> _Work instruction_: Although the data holds pictures, return only the lines from the one containing "Salsa in Eislingen" to the end, exactly, and without them.

Start of Given data

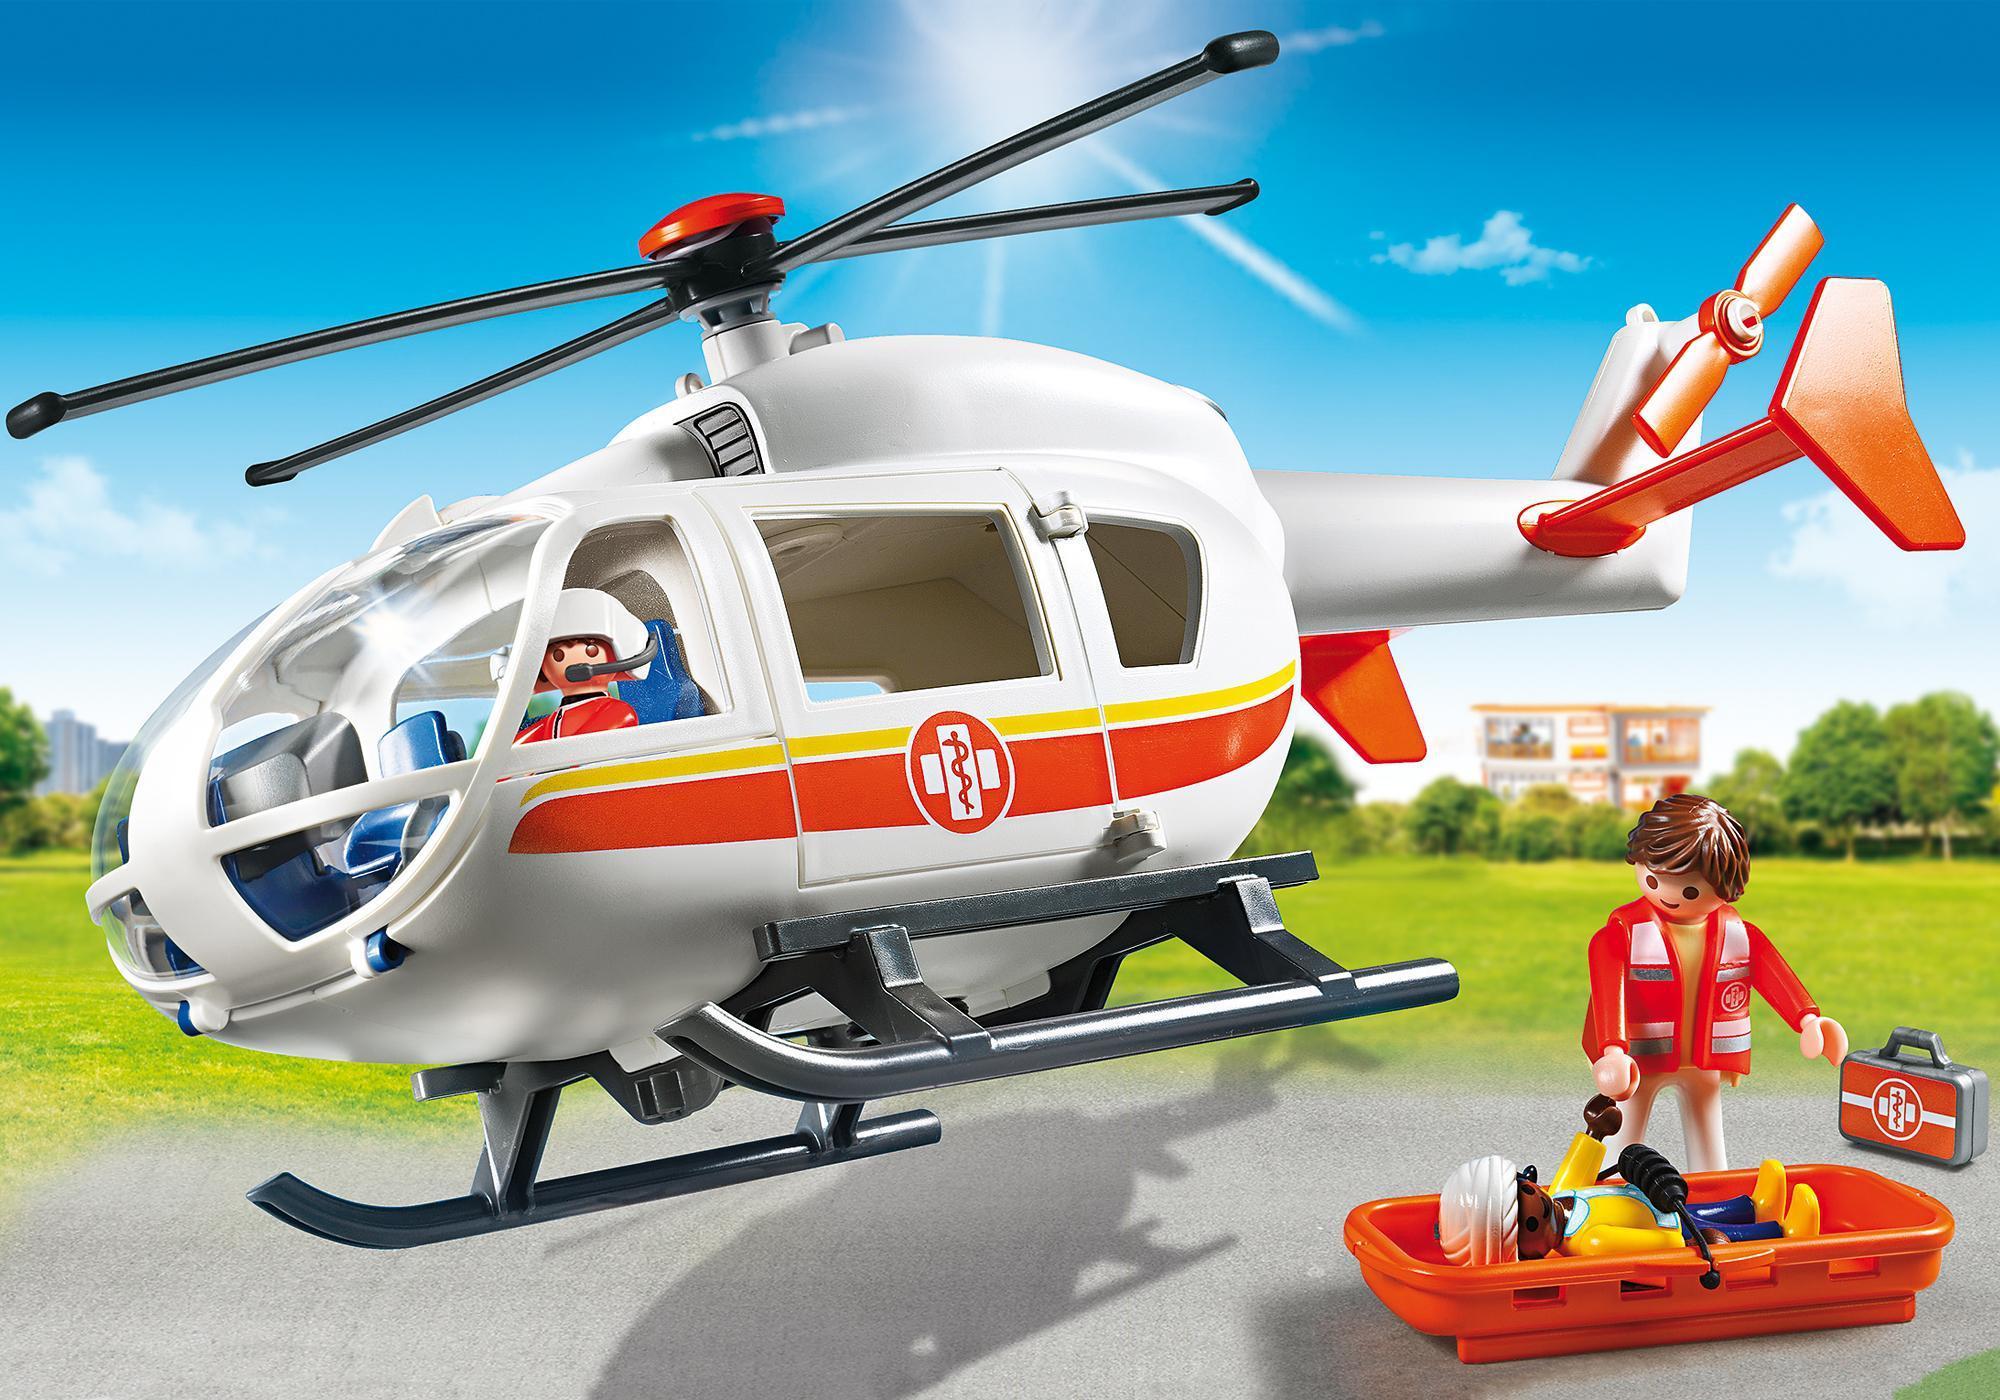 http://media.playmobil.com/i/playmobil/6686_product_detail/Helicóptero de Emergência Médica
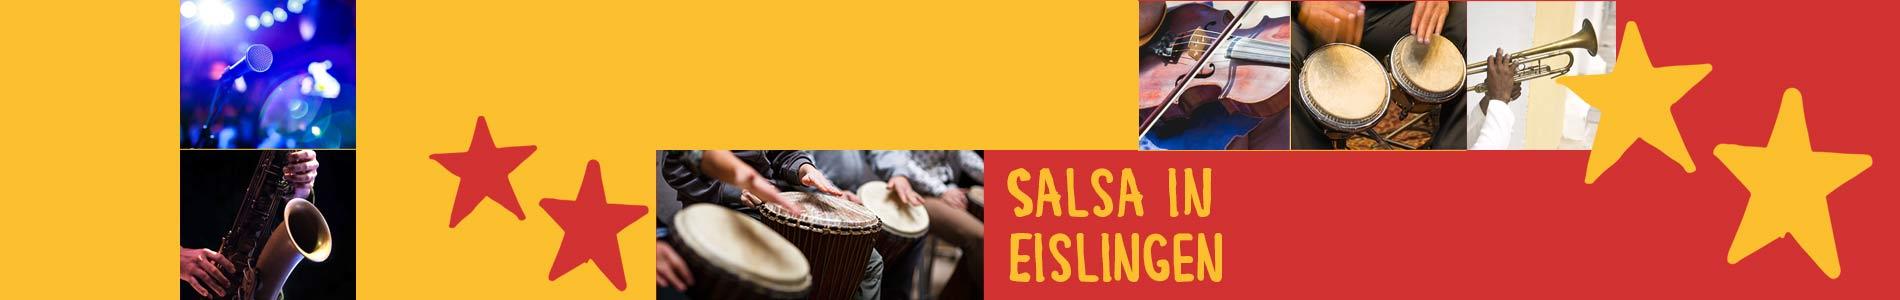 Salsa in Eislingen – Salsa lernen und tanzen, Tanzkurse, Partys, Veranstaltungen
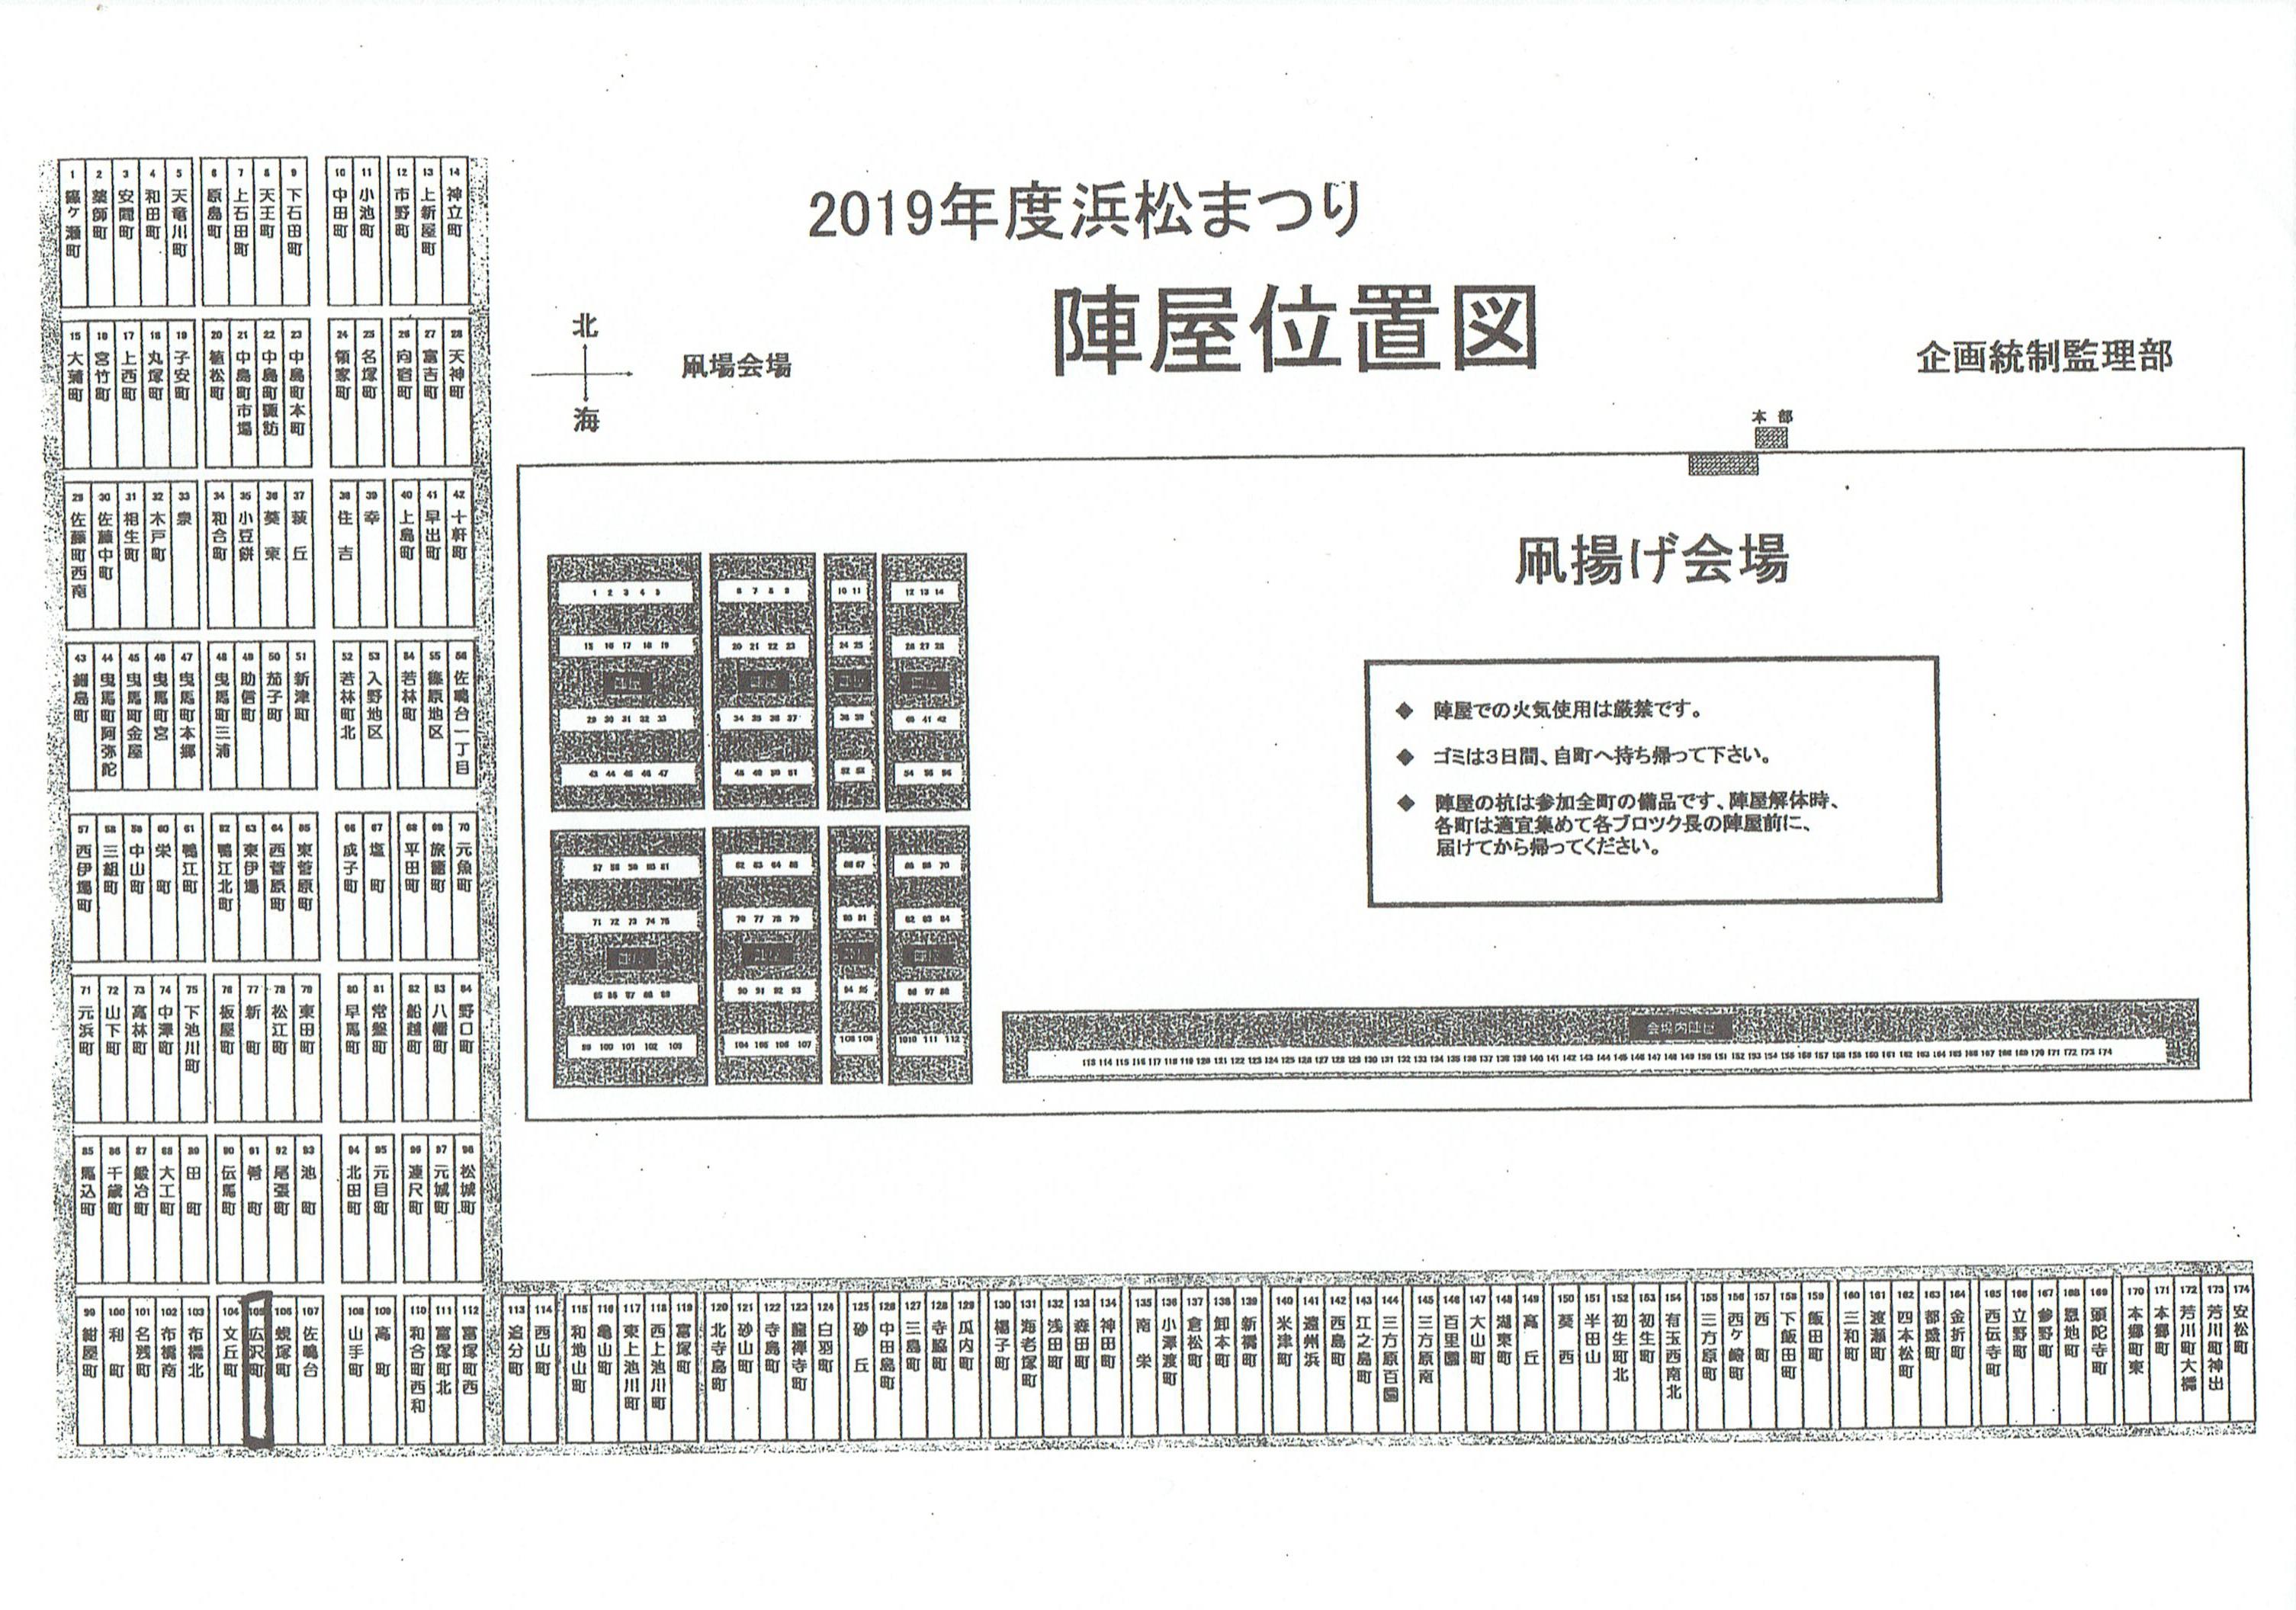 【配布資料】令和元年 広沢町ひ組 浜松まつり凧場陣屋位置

End of Given data

> _Response to this exercise_:
 Salsa in Eislingen – Salsa lernen und tanzen, Tanzkurse, Partys, Veranstaltungen
 【配布資料】令和元年 広沢町ひ組 浜松まつり凧場陣屋位置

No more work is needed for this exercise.